Let me repeat, there were only 15 enterprise 🦄 representing 39% of the total number and only 20% of the overall market cap of all 🦄. 10 years later, we have an over 27x increase in the total number of enterprise 🦄 at 416 which make up almost 80% of the overall 🦄 value.
So yes, we have a problem. As I mentioned in last week’s newsletter, we now have 10 of each in every category with many 1 product companies who aren’t IPOable and many 1 feature companies who just are not worth what they are worth. In addition, this slide from Aileen’s presentation should get your attention now👇🏼 - once upon a time capital efficiency was the name of the game for enterprise software companies with a 27X Valuation/Equity Raised ratio and now it’s just like consumer 🫢!
To quote Aileen Lee from Cowboy Ventures:
In the past decade, tech lost its capital efficiency edge. Formerly impressive enterprise company capital efficiency of 26x plummeted to 7x, putting it in-line with consumer co efficiency (despite typically higher margins and customer retention), which also dropped from 11x to 7x. Given many unicorns are currently overvalued, even 7x is likely inflated.
In other words, investors would have been better off investing in public superunicorns like Salesforce, Amazon,and Microsoft, up 8x, 9x, and 9x respectively in the decade, than in many companies in our current unicorn herd.
Be careful what you wish for! Maybe it was much nicer when no one was paying as much attention to enterprise software companies? Or perhaps we will get VCs to be contrarian again and run for the hills from enterprise leaving the rest of us die-hards to do our work efficiently?
Here’s Aileen’s conclusion:
We also learned macroeconomic factors and capital efficiency matter. The massive influx in private capital funded lots of companies.
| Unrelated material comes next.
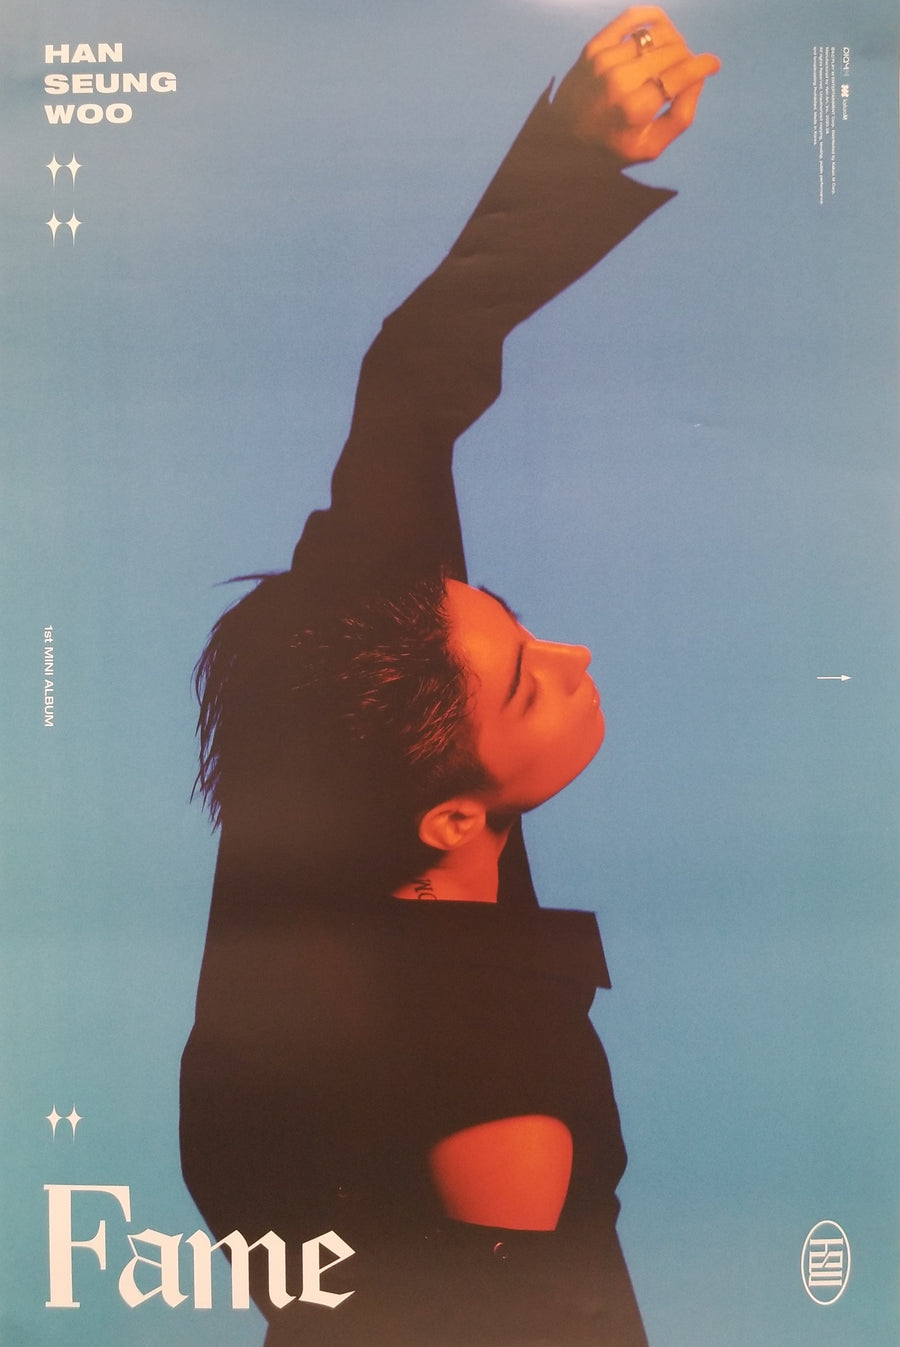 HAN SEUNG WOO 1st Mini Album Fame Official Poster - Photo Concept Woo

But capital efficiency declined, which will erode financial outcomes, given how many are still ‘papercorns.’
The cycle is not over. The venture ecosystem will feel the impact, and benefit from these lessons, in years to come as more layoffs, down rounds and shutdowns impact founders, employees and investors.
We learned that the laws of gravity are still in full force and everything is not just 📈 because we say it is. Capital efficiency always matters even though we lost our minds for quite some time during the ZIRP era. Yes, there will be more pain ahead.
Last week, investing legend Howard Marks wrote an essay titled “Easy Money” that perfectly captures the state of 🦄 and enterprise software companies, which were essentially on moving sidewalks.
In Sea Change, I likened the effect of low interest rates to the moving walkway at the airport. If you walk while on it, you move ahead faster than you would on solid ground. But you mustn’t attribute this rapid pace to your physical fitness and overlook the contribution from the walkway.
In much the same way, declining and ultra-low interest rates had a huge but underrated influence on the period in question. They made it:
easy to run a business, with the stimulated economy growing unabated for more than a decade;
easy for investors to enjoy asset appreciation;
easy and cheap to lever investments;
easy and cheap for businesses to obtain financing; and
easy to avoid default and bankruptcy.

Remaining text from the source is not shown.